*** DATASET EXCERPT Section Begins ***
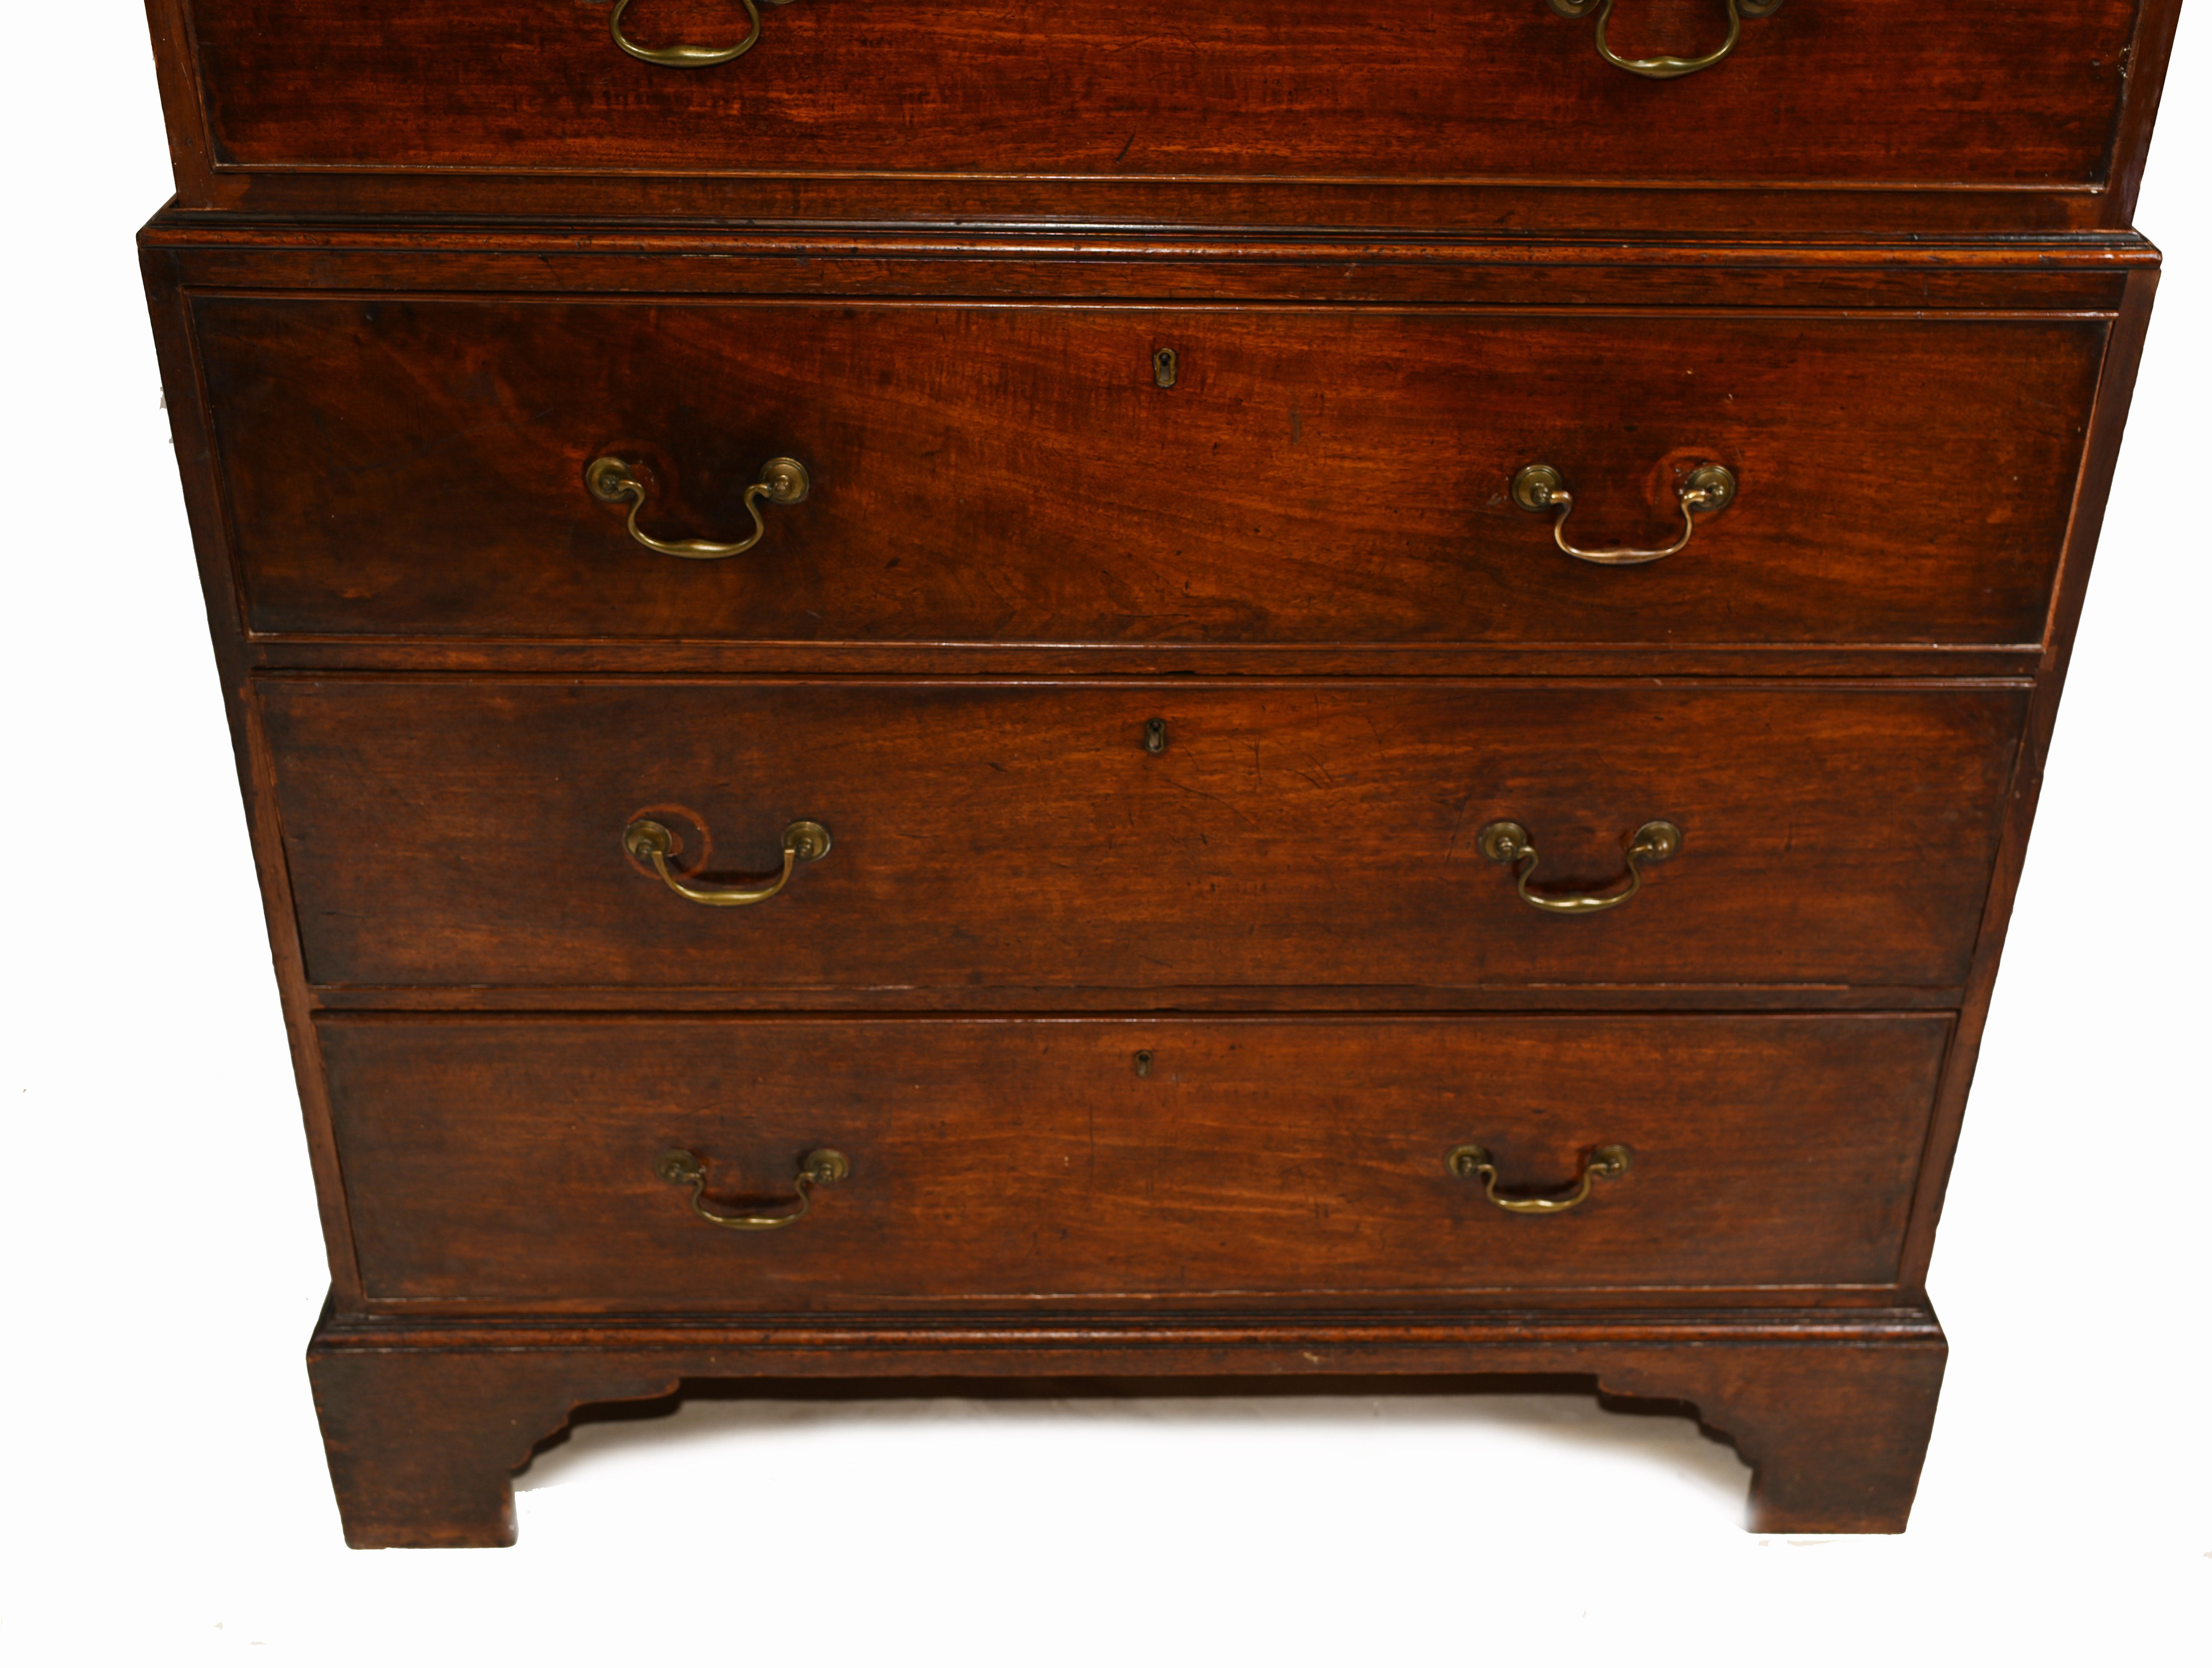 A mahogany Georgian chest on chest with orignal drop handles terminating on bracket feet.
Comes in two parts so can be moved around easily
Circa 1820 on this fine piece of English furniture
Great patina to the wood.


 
*** DATASET EXCERPT Section Ends ***
• [ACTIVITY] Print the lines from the one containing "Comes in two" through the end of the material, word for word, and nothing else.

• [OUTPUT BELOW]
Comes in two parts so can be moved around easily
Circa 1820 on this fine piece of English furniture
Great patina to the wood.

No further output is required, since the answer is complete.